To install TACO and run without creating an executable, run the following:
$ cd taco-<RELEASE> $ python setup.py buildThe TACO code and reference comparison script can be found in
<install_dir>/build/lib*/taco/
as taco_run.py
and taco_refcomp.py
. You must either run these scripts from the <install_dir>/build/lib*/taco/
directory:
$ cd build/lib*/taco $ python taco_run.py -h $ python taco_refcomp.py -hor add the build directory to your python path to call this script elsewhere:
$ export PYTHONPATH=<insatll_dir>/build/lib*/taco:$PYTHONPATH
Run TACO from the command line as follows (from either the downloaded platform-specific binary or building from the source code):
$ ./taco_run <options> <gtf_files.txt>
A detailed description of the parameters used to control TACO is below:
<gtf_files.txt>
This required input to TACO is a text file containing paths to files in the GTF 2.2 format, one per line, produced by an ab initio assembler. For example, the text file passed to TACO could look like this:
/path/to/my/assemblies/mcf7.gtf /path/to/my/assemblies/bt474.gtf /path/to/my/assemblies/hela.gtf
-h/--help
Prints the help message and exits
-v/--verbose
Enables detailed logging for debugging purposes
-p/--num-processes N
(default=1)
Run TACO in parallel mode with N processes
-o/--output-dir DIR
Directory where output files will be stored. This directory must not already exist.
--gtf-expr-attr ATTR
(default=FPKM)
GTF attribute field containing expression estimate. The default setting is
FPKM
for Cufflinks GTF input.
--filter-min-length N
(default 200bp)
Pre-filters input transfrags with length < N
prior to assembly. Set to 0
to disable this filter.
--filter-min-expr X
(default 0.5)
Pre-filters input transfrags with expression < X
. The units of the expression cutoff value X
correspond to the units specified by the gtf-expr-attr
parameter, which is FPKM
by default. Set
to 0.0
to disable this filter.
--isoform-frac FRAC
(default 0.05)
Report transcript isoforms with expression fraction >=FRAC
relative to the highest expressed gene. For each gene, the highest abundance isoform will be reported with a FRAC
of 1.0
.
TACO has several advanced options that can be used to configure specific aspects of its behavior, such as change point detection and splicing pattern network construction. These parameters have been chosen to optimize performance for human transcriptomes. We recommend that users leave these options at their default settings.

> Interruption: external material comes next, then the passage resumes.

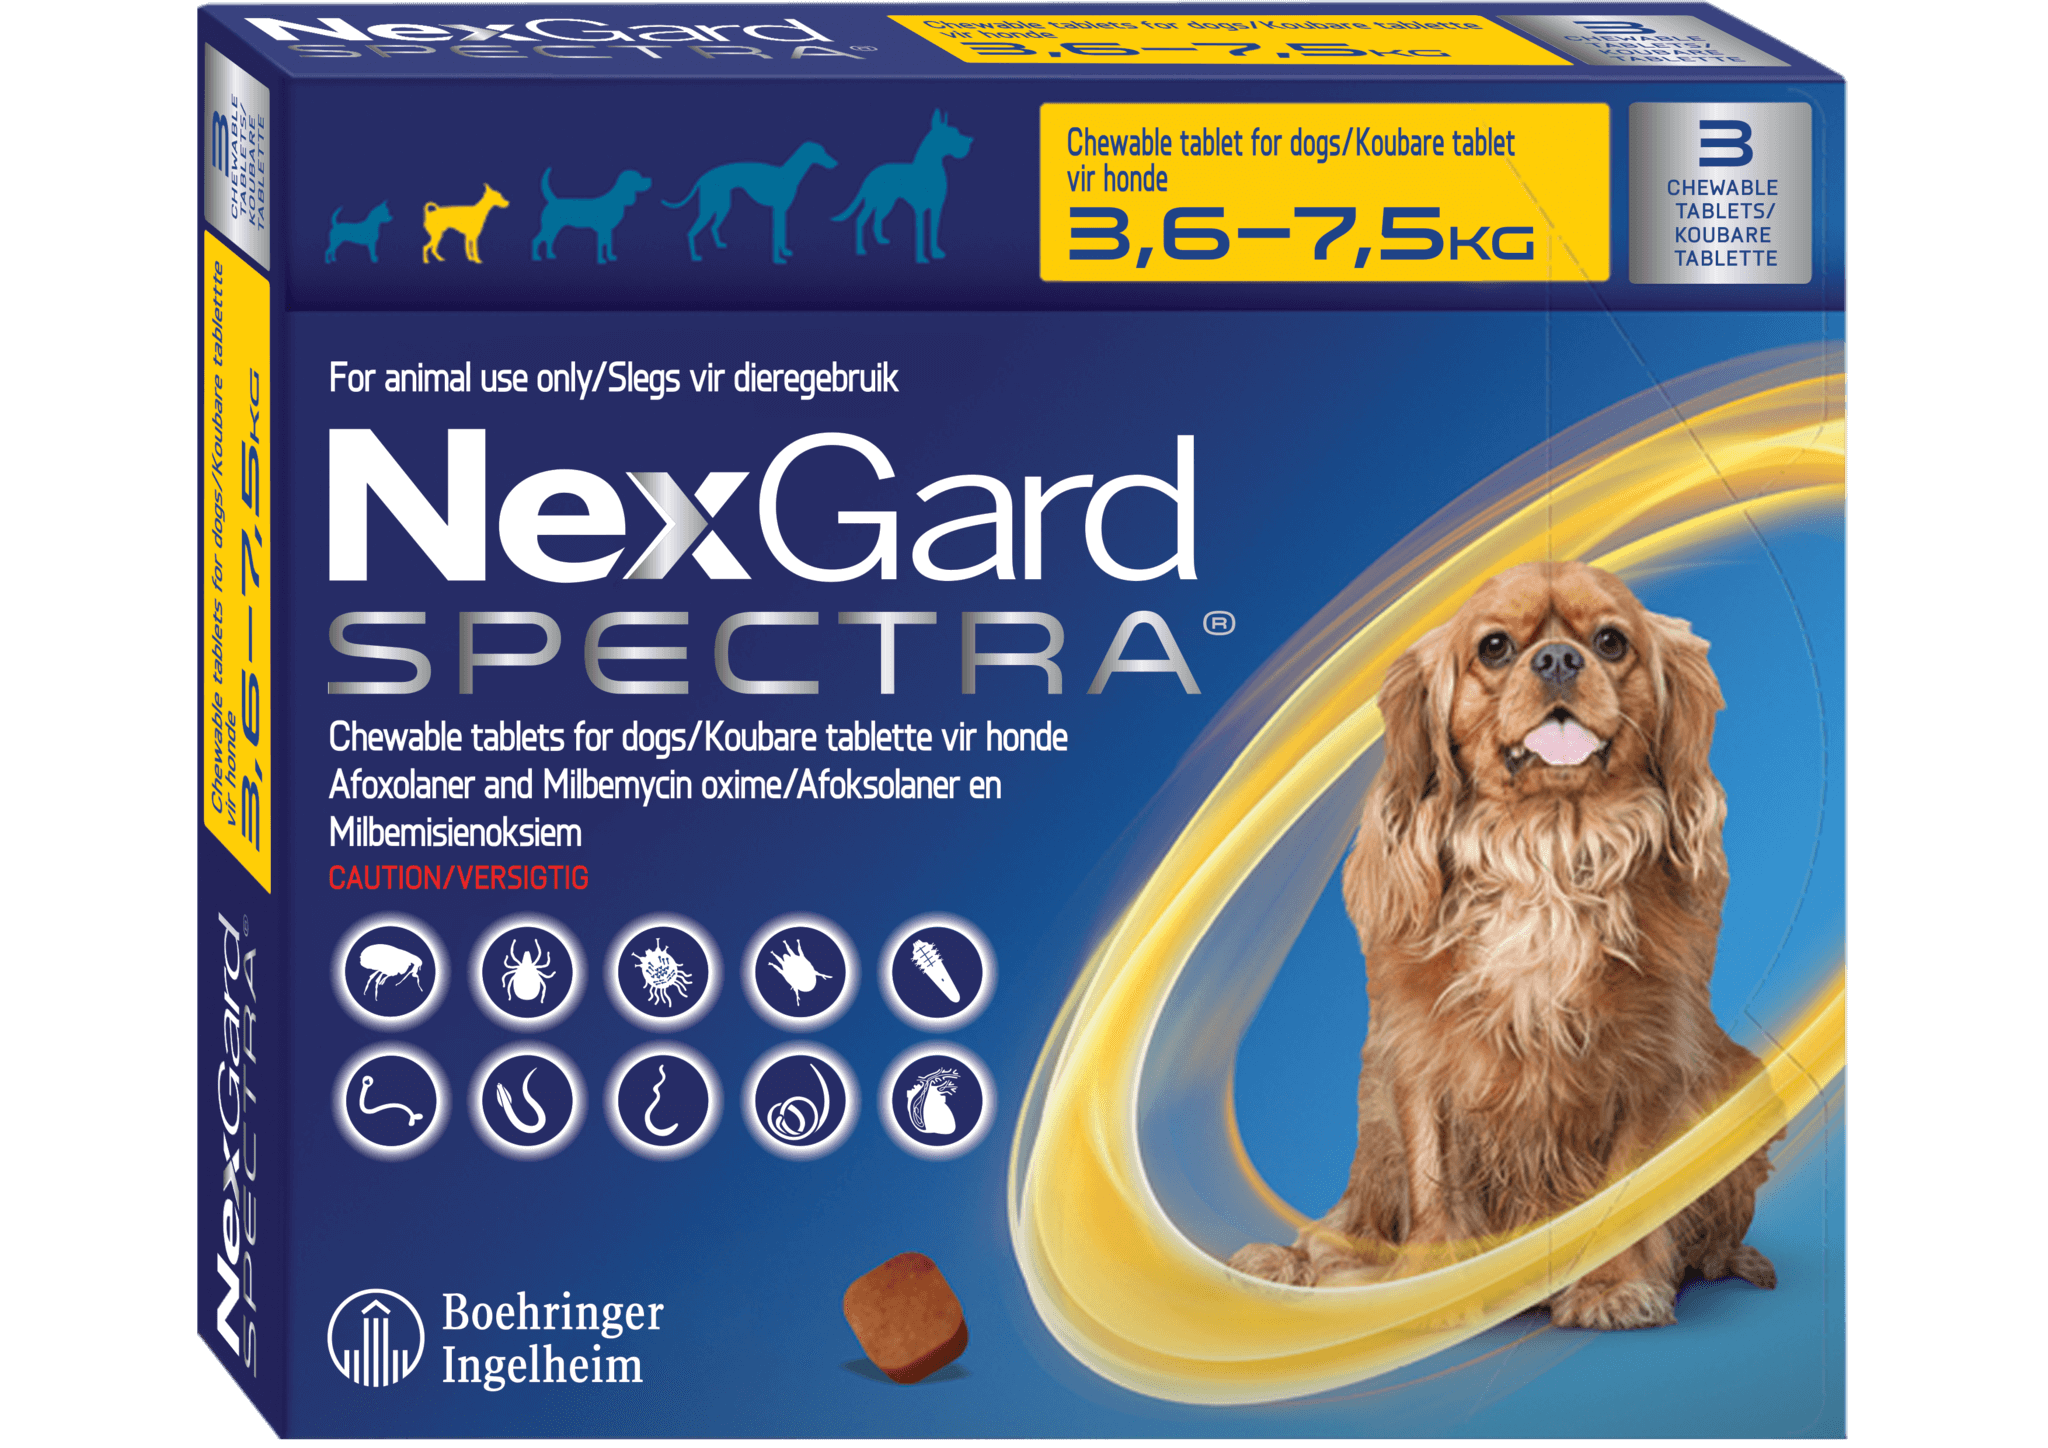 Нексгард спектра инструкция по применению. НЕКСГАРД спектра для собак 2-3.5 кг. НЕКСГАРД спектра для собак 3,5-7. НЕКСГАРД для собак 7.5. NEXGARD Spectra для собак.

TACO writes output to the directory specified by the
-o
command line option. Within this directory, the
import output files are:
This GTF file contains TACO's assembled isoforms. The first 7 columns are standard GTF, and the last column contains attributes, some of which are also standardized (“gene_id”, and “transcript_id”). There one GTF record per row, and each record represents either a transcript or an exon within a transcript. The columns are defined as follows:
Column number | Column name | Example | Description |
---|---|---|---|
1 | seqname | chrX | Chromosome or contig name |
2 | source | taco | The name of the program that generated this file (always taco) |
3 | feature | exon | The type of record (always either “transcript” or “exon”. |
4 | start | 77696957 | The leftmost coordinate of this record (where 1 is the leftmost possible coordinate) |
5 | end | 77712009 | The rightmost coordinate of this record, inclusive. |
6 | score | 77712009 | The most abundant isoform for each gene is assigned a score of 1000. Minor isoforms are scored by the ratio (minor FPKM/major FPKM) |
7 | strand | + | TACO's guess for which strand the isoform came from. Always one of “+”, “-“, “.” |
7 | frame | . | TACO does not predict where the start and stop codons (if any) are located within each transcript, so this field is not used. |
8 | attributes | … | See below. |
Each GTF record is decorated with the following attributes:
Attribute | Example | Description |
---|---|---|
gene_id | G7 | TACO gene id |
transcript_id | TU56 | TACO transcript id |
locus_id | L1 | TACO locus id |
tss_id | TSS31 | TACO transcription start site id |
expr | 2.441 | Isoform-level abundance. The units correspond to the expression units of the input transfrags (usually FPKM or TPM) |
rel_frac | 0.7647 | Relative abundance of isoform compared to the major isoform in the gene. The most abundant isoform for each gene is assigned a rel_frac of 1.0. Minor isoforms are scored by the ratio (minor expr/major expr) |
abs_frac | 0.7647 | Relative abundance of isoform compared to the total expression of all isoforms in the gene. Isoforms are scored by the ratio (expr / sum(expr(x) for each isoform x)). |
This BED file contains TACO's assembled isoforms. Please refer to
the
UCSC genome browser's detailed description of the BED
format. The name
column (Column 4) contains
a string of the format gene_id|transcript_id(expr)
,
e.g. G7|TU56(2.77)
.
TACO outputs 3 bedGraph files with the coverage profile of the
input transfrags on the forward, reverse, and unknown/unspecified
strands. Please refer to the
UCSC genome browser's detailed description of the bedGraph
format. These files can be converted to
bigWig format
using the free conversion tool bedGraphToBigWig
for
viewing on genome browsers such as IGV or UCSC.
A UCSC BED track of junctions reported by TACO. Each junction consists of two connected BED blocks. The score is the sum of the expression values of transfrags supporting the junction. This file can be converted to bigBed track format for viewing on genome browsers such as IGV or UCSC.
This tool can take any assembly in GTF format and compare to a reference, and provide details on overlap with reference transcripts, nature of that overlap, and can also run the CPAT tool to determine coding potential.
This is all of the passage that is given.